Zu Frage 3: Mit der langfristig ausgerichteten Reduzierung der Amtsbezirke wird für die Mitarbeiterinnen und Mitarbeiter der Vermessungs- und Katasterverwaltung eine Planungssicherheit für ihre persönliche Standortorientierung erreicht. Das bringt Belastungen für die einzelnen Mitarbeiterinnen und Mitarbeiter mit sich. Deshalb ist mir eine sozialverträgliche Umsetzung besonders wichtig. Sie wird durch die mittelfristige Beibehaltung der bisherigen Standorte und eine Ausweitung der Arbeitsmodelle, zum Beispiel Telearbeit, gewährleistet. Flankierend werden wir Instrumente der Altersteilzeit
und des Vorruhestandes nutzen. Die Ziele der Ministerratsvorlage sollen möglichst in den
kommenden vier Jahren umgesetzt werden. Bereits mit den Ergebnissen der Prüfung des Rechnungshofs war den Bediensteten der Vermessungs- und Katasterverwaltung bewusst, dass es erheblich Einschnitte geben wird. Im Vorfeld wurde den Personalräten am 14. Juli und 15. August dieses Jahres und den Behördenleitern am 2. August dieses Jahres sowie anschließend allen Mitarbeiterinnen und Mitarbeitern durch die jeweiligen
Behördenleitungen die neue Struktur der Vermessungsund Katasteramtsbezirke vorgestellt. Flankierend hierzu wurden bei verschiedenen Vermessungs- und Katasterämtern vor Ort durch Frau Staatssekretärin Raab, der ich sehr danken möchte, dass sie sich sehr intensiv mit dieser Reform beschäftigt hat, verschiedene Gespräche geführt. Standortentscheidungen wurden im Vorfeld nicht kommuniziert. Die weitere Ausgestaltung der Reform hinsichtlich der inneren Struktur wird in einer bereits gebildeten gemeinsamen Arbeitsgruppe mit Vertretern des Personalrates erarbeitet.

(...)

Präsident Mertes:
Zu einer Zusatzfrage erteile ich Herrn Kollegen Noss das Wort.

Abg. Noss, SPD:
Seitens des Landkreistages wurde gestern eine Depesche herumgeschickt, warum nicht eine Kommunalisierung erfolgt ist. Gibt es auf Bundesebene Erhebungen, wie sich das rechnen lässt und wie es sich darstellt?

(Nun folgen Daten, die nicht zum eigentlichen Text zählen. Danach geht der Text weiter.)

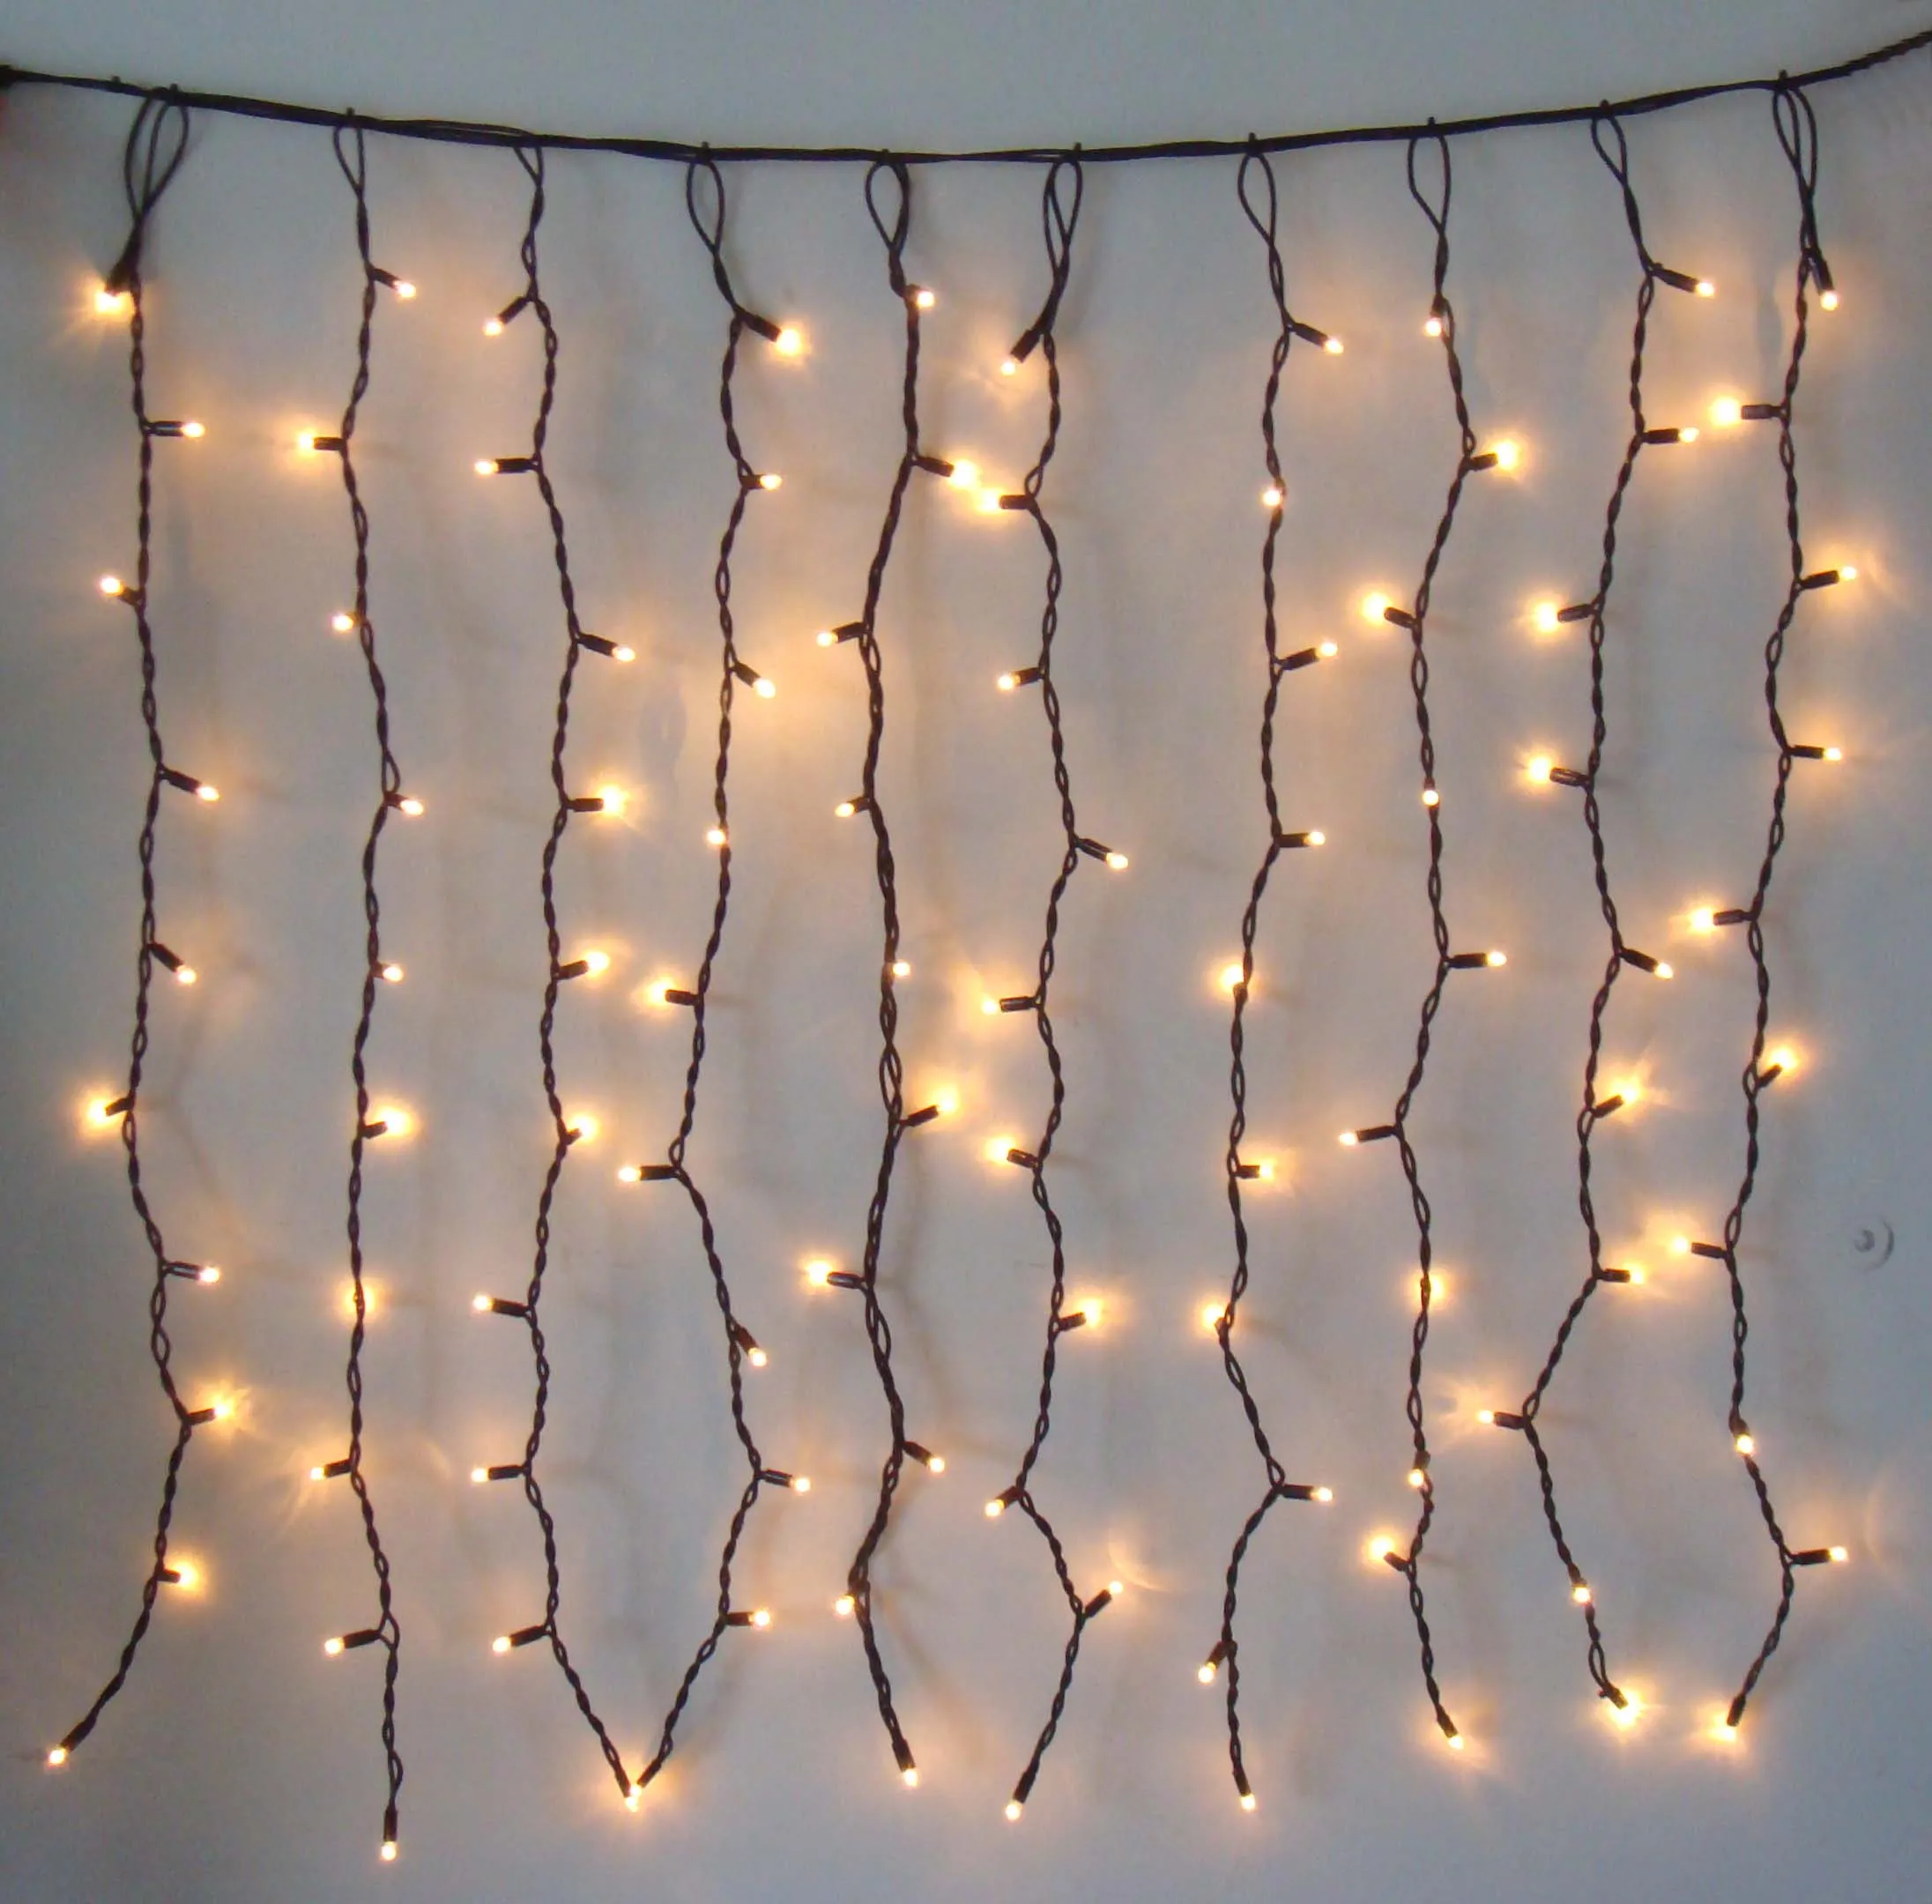 High Quality Icicle Light Christmas Decoration Light for Indoor Home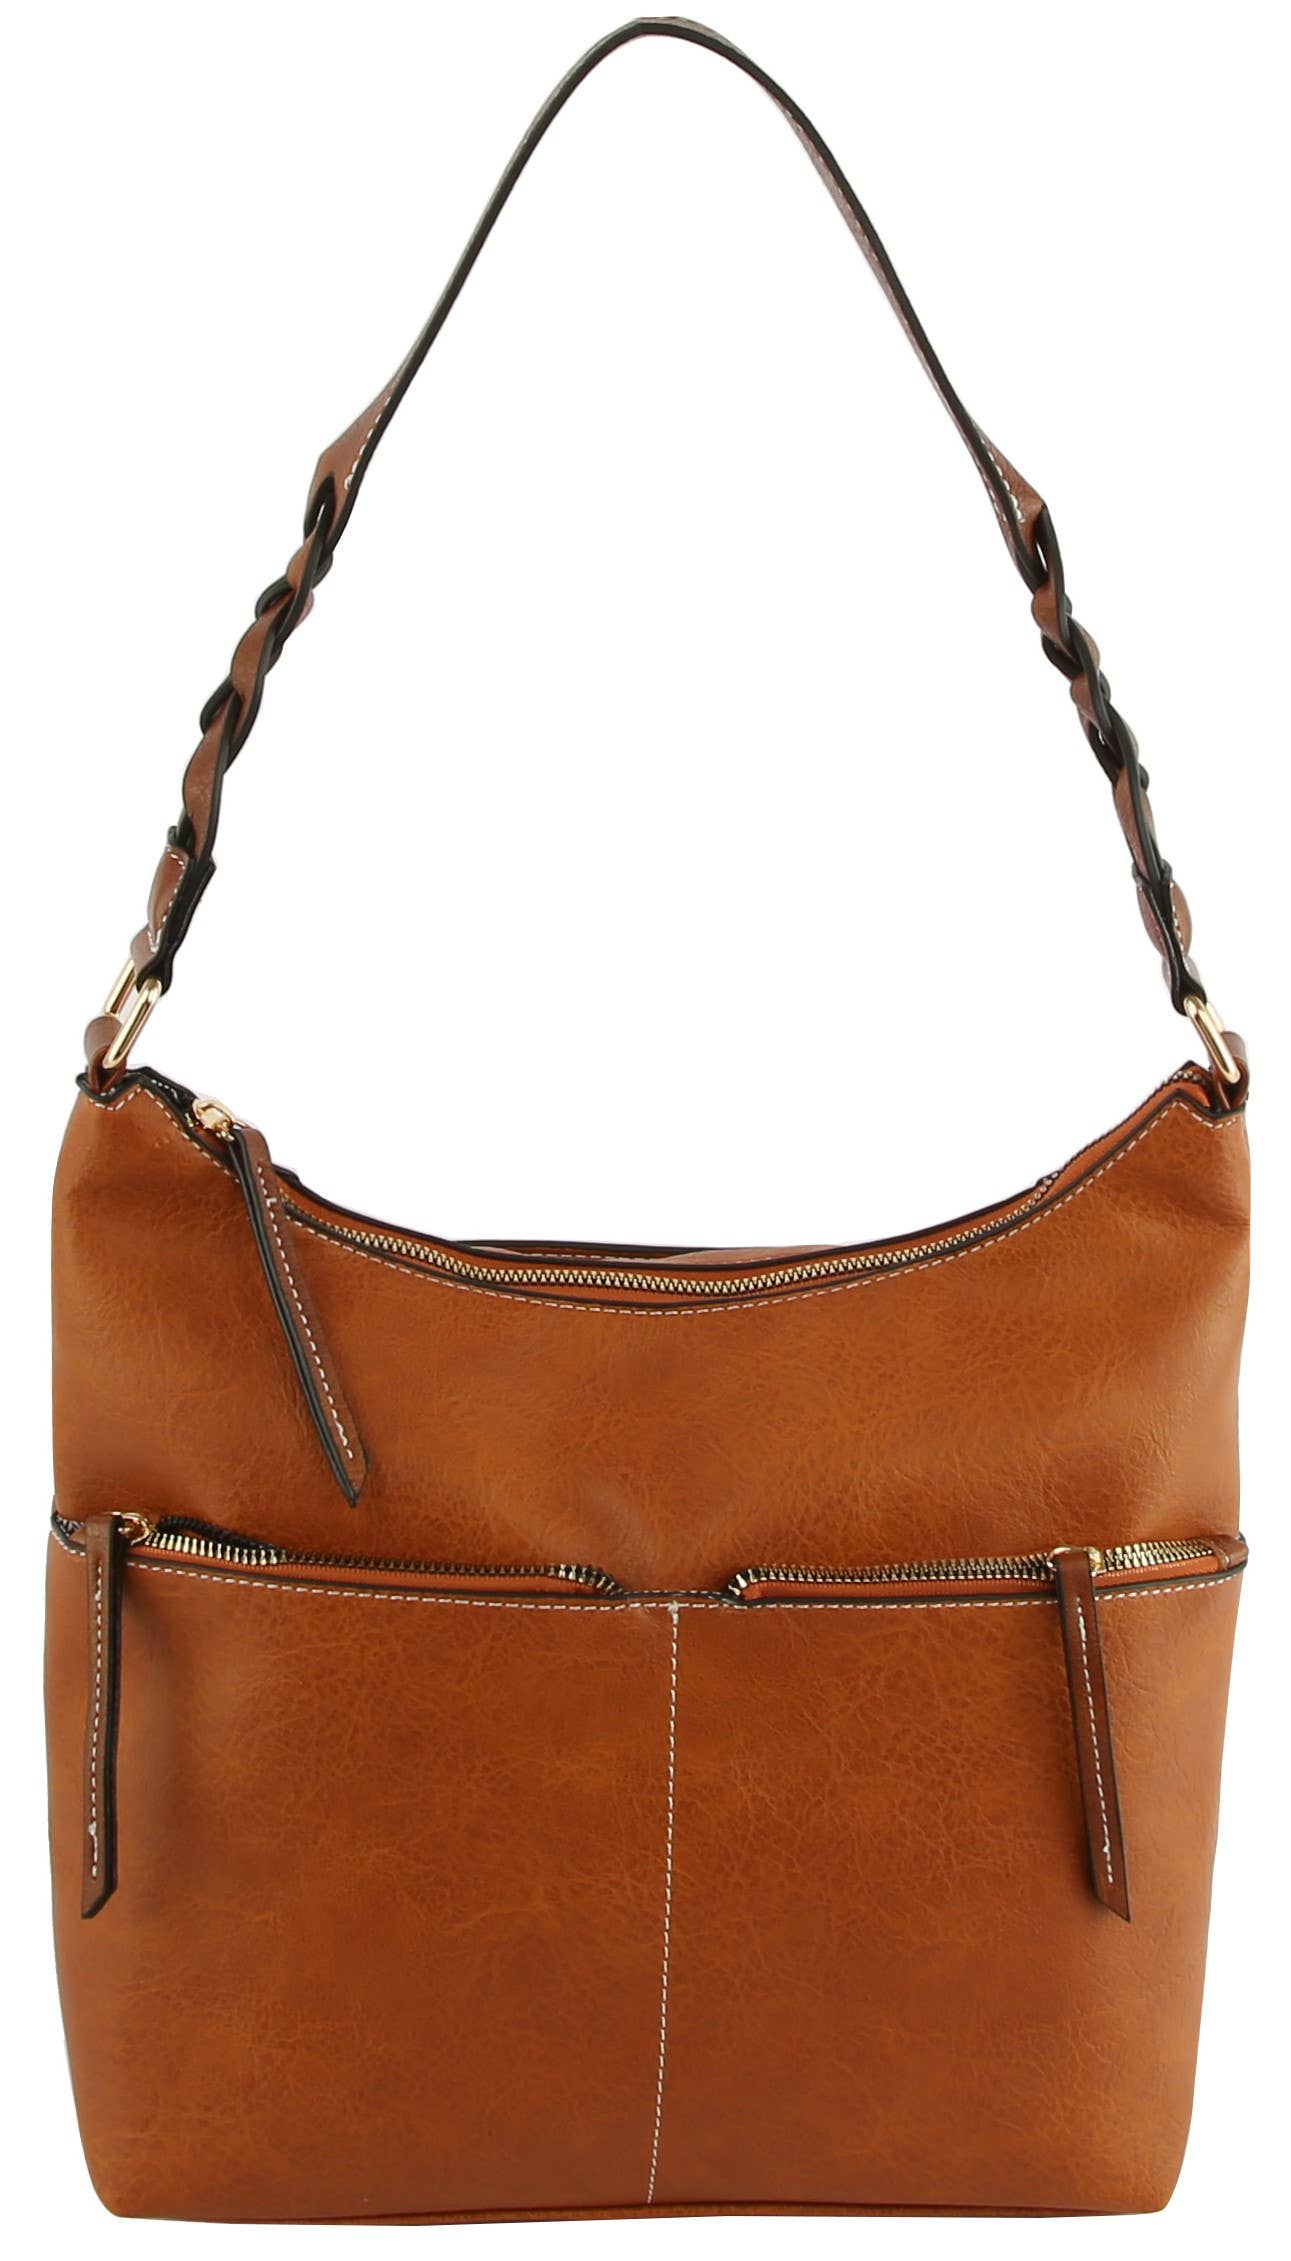 Brown with Zipper Pockets Purse

Lewentz, Minister des Innern, für Sport und Infrastruktur:
Wir haben natürlich in Nachbarländern – ich will Nordrhein-Westfalen nennen – die Situation, dass man diesen Weg beschritten hat. Nach unserer festen Überzeugung war das deutlich weniger erfolgreich, als wir in der gleichen Zeit unsere Verwaltung nach vorn entwickeln konnten. Die Vermessungs- und Katasterverwaltung Rheinland-Pfalz ist bundesweit sehr führend. Ihre Leistungsfähigkeit ist absolut anerkannt. Das hat auch etwas damit zu tun, dass wir alle – Sie als Haushaltsgesetzgeber – uns in die Lage versetzt haben, diese Verwaltung technisch so extrem gut auszustatten, dass sie in vielen technischen Fragen eine Vorreiterrolle in der Bundesrepublik Deutschland einnimmt.